An agent that can run arbitrary shell commands is powerful and dangerous in equal measure. The same Bash tool that runs your test suite could delete files, push to production, or leak secrets — sometimes because the model misread the task, sometimes because hostile text it read in a file talked it into doing so. The permissions-and-sandboxing layer exists to bound that risk.

Two techniques work together here. Permissions are policy: rules about which actions run automatically, which pause to ask a human, and which are forbidden, often expressed as modes ("read-only", "auto-approve edits", "ask before anything risky"). Sandboxing is enforcement at the operating-system level: confining the agent's processes so that even if the model decides to do something destructive, the OS physically prevents writes outside the workspace or blocks network access. Policy tells the agent what it should do; the sandbox guarantees what it can do. Strong harnesses use both, and let you dial the balance between safety and the friction of constant approval prompts.

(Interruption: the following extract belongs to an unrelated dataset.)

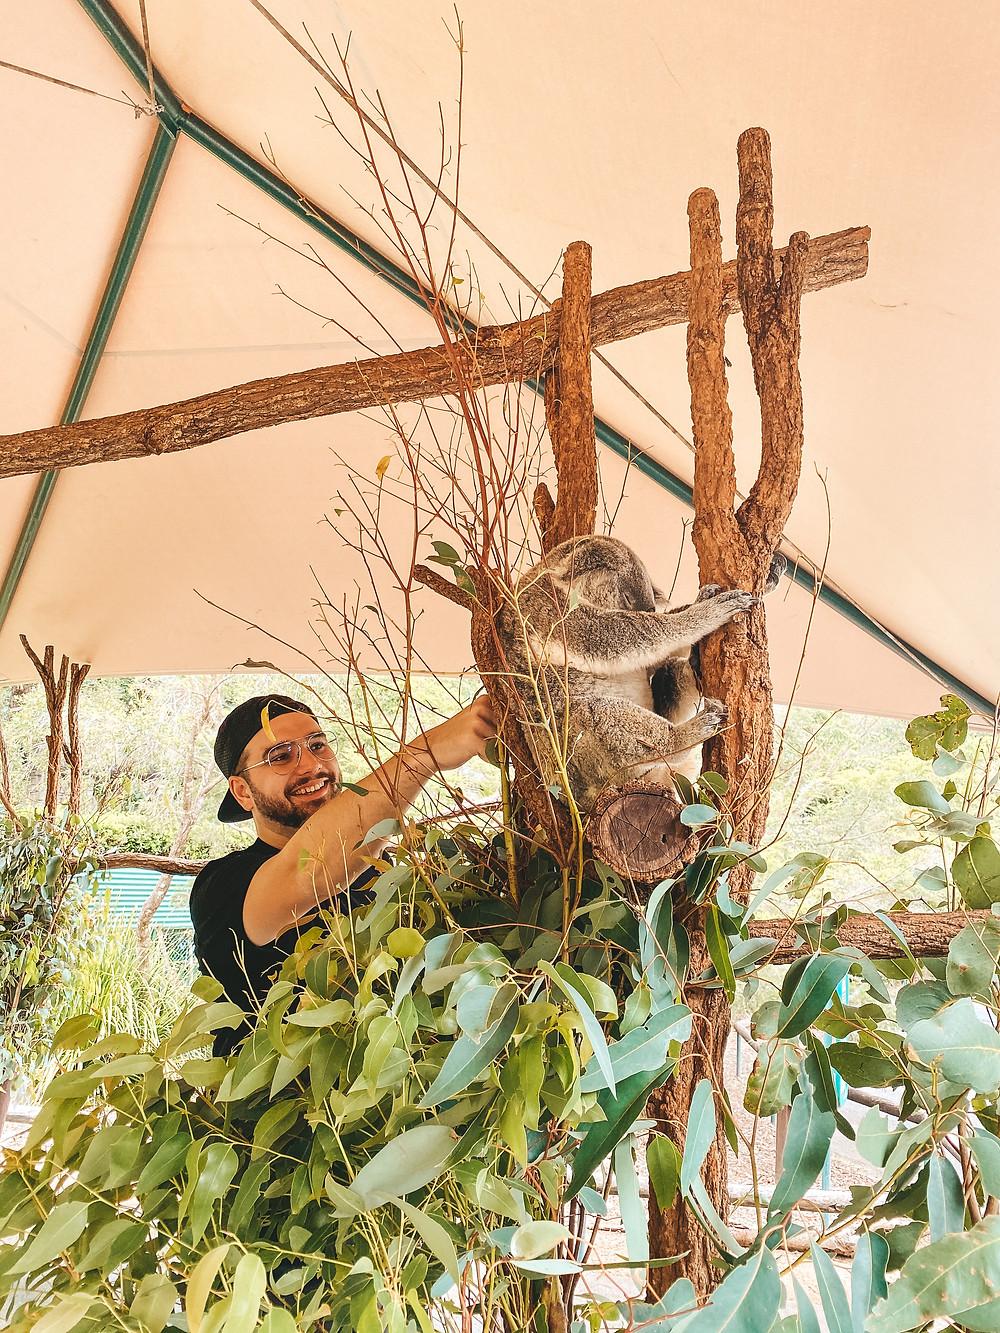 Koala encounter, Koala patting, Australia Zoo

Permissions are the agent asking politely; the sandbox is the wall it cannot walk through. A serious harness relies on the wall, not just the manners.

4. Verification and feedback — how it knows it worked

The final part closes the loop. After every action, the harness returns a result to the model: the contents of the file it read, the output and exit code of the command it ran, the error the compiler emitted. This feedback is what lets an agent be more than a one-shot guesser. It writes a change, runs the tests, sees three failures, reads the messages, and fixes them — a cycle no single prediction could achieve.

The quality of that feedback channel is decisive. Crisp, well-formatted tool results — a clean diff, a precise error, a clear exit code — let the model self-correct quickly. Vague or truncated results leave it flailing. This is also where a harness can lean on the environment itself as a source of truth: compilers, linters, type checkers, and test runners are objective judges, and a well-built harness routes their verdicts straight back to the model. An agent is only as reliable as its ability to notice it was wrong.

Why the harness — not just the model — decides quality

It is tempting to believe that agent quality is simply model quality: pick the smartest model and you win. In practice, two agents built on comparably capable models can feel worlds apart, and the harness is usually why. One surfaces exactly the right files and the other floods the window with noise. One catches its own failing test and retries; the other declares victory and moves on. One asks before deleting your branch; the other just deletes it. Same class of engine, very different cars.

That is why this handbook studies harnesses rather than benchmarking models. The next two chapters take the four parts you just met — tool interface, context, permissions, verification — and examine how each is built in Claude Code and then in OpenAI Codex CLI. The final chapter puts them side by side. Keep the four questions in mind as you read: what can it do, what does it know, what may it do without asking, and how does it find out whether it worked?